Security the Implementation of System-Level

¶ … Security

The implementation of system-level security in conjunction with physical security is vital to keeping an enterprise's systems, data, and identity safe from theft and misuse over time. Combining physical security and system-level software security requires a highly integrated strategy that provides for enough control over each security component yet also has enough customization to allow for agile process-based access and support (Aronson, 2005). The challenge of creating an integrated security strategy that encompasses the physical components of a security plan, and makes them complimentary for the system-level network access points, operating systems and applications requires a process-based approach to evaluating how data is used throughout an organization and with external partners and suppliers. For many organizations their security plan is now more virtual in scope, concentrating on how to best provide for security of the actual location of their complex of IT systems and applications while not constricting their use to complete the most simple to complex tasks any organization needs to sustain in order to stay viable (Kim, 2008).

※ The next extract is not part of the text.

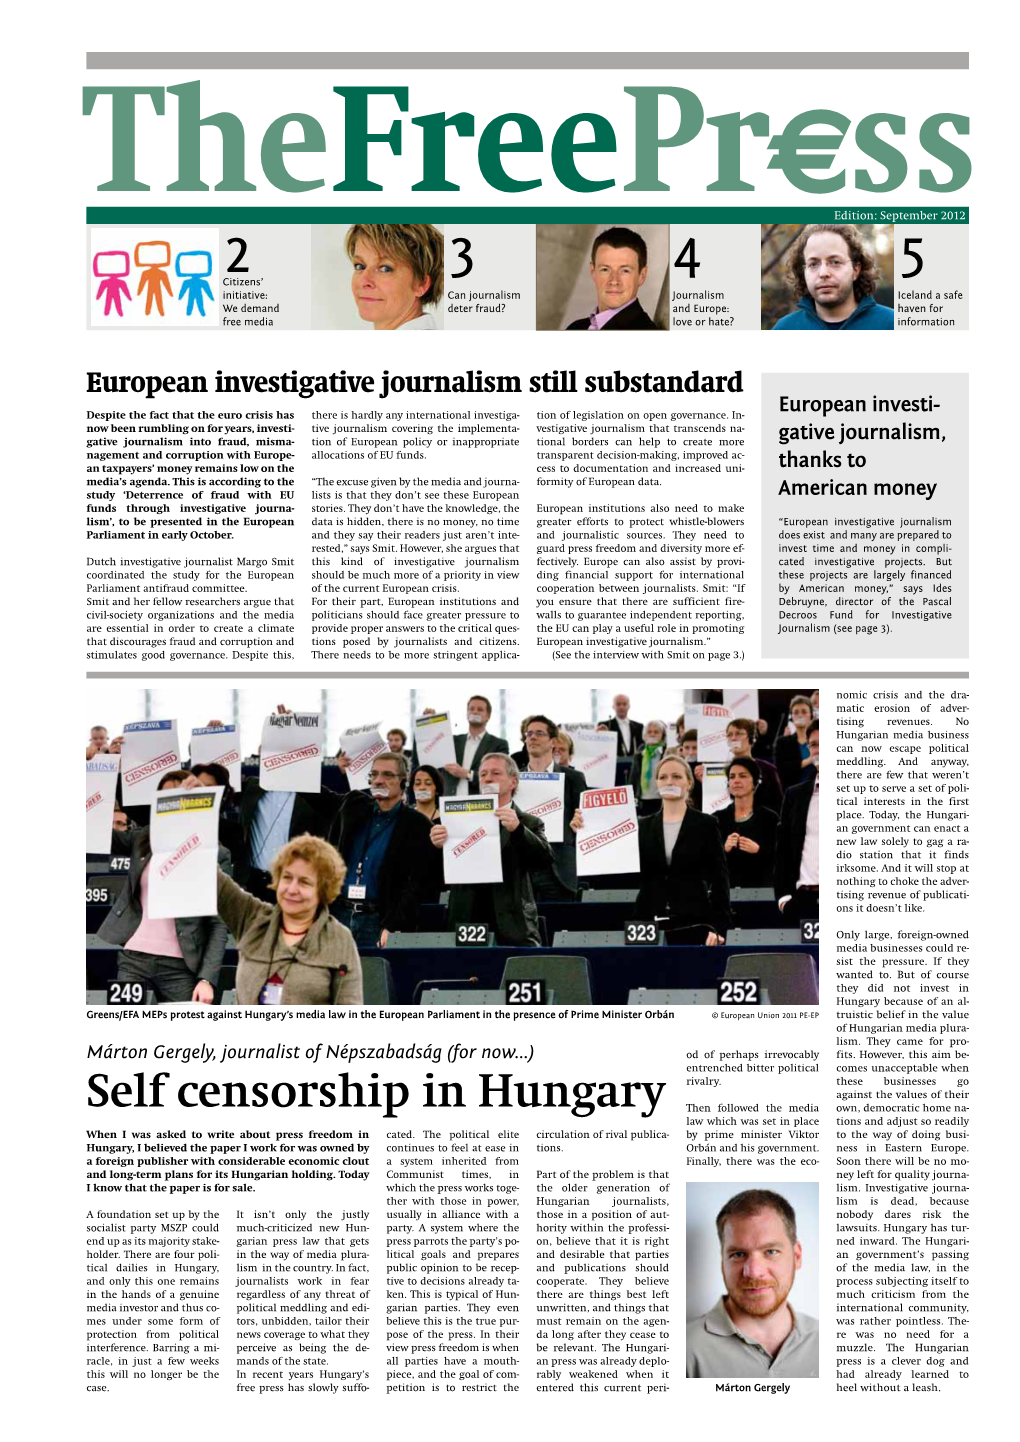 Self Censorship in Hungary

The components of physical security of any enterprise-wide system must begin with authentication of those who have access and a continual auditing of system status over time. The first level of security is designed to block potential thieves or vandals from physically breaking into the systems and destroying them. This first level of security also focuses on securing systems from natural disasters including earthquakes, hurricanes or tornados. Often to provide for this level of security, enterprise systems are often in the basements of secured buildings or located in the center of larger buildings to protect them from the high winds and flying debris that occur in natural disasters. This location-based approach to system security also forces system designers to provide a connectivity strategy that is also flexible enough to allow new systems to be added in the secured area, yet stable enough to protect them over time (Johnson, 2008). There is a trade-off with regard to this first layer to ensure a high level of physical security that does not compromise the system-level flexibility and support. This first level of support can be as simple as locks, fireproofing and safes to biometrically based access as well. The components of physical security are surveillance and notification systems. These are systems that react to smoke, intrusion or a threat in the form of a break-in for example. Using motion sensors, intrusion detection equipment and closed-circuit televisions are all part of this step, as are continual centralized monitoring of the entire site as well. Organizations have successfully been able to integrate emergency self-start shutdown procedures for systems when intruders are discovered, disabling all system access to protect the data. A third class or component of security is the reliance on combining physical monitoring systems with the actual enterprise systems to ensure all data and operating parameters are backed up periodically, and in the event of a natural disaster or a theft, the enterprise systems' performance can be restarted immediately. Advanced strategies organizations are using at this level include attempting to capture the attackers by locking them into the computing complex and also taking their pictures via video and sending them to monitoring agencies including the police and FBI in real-time.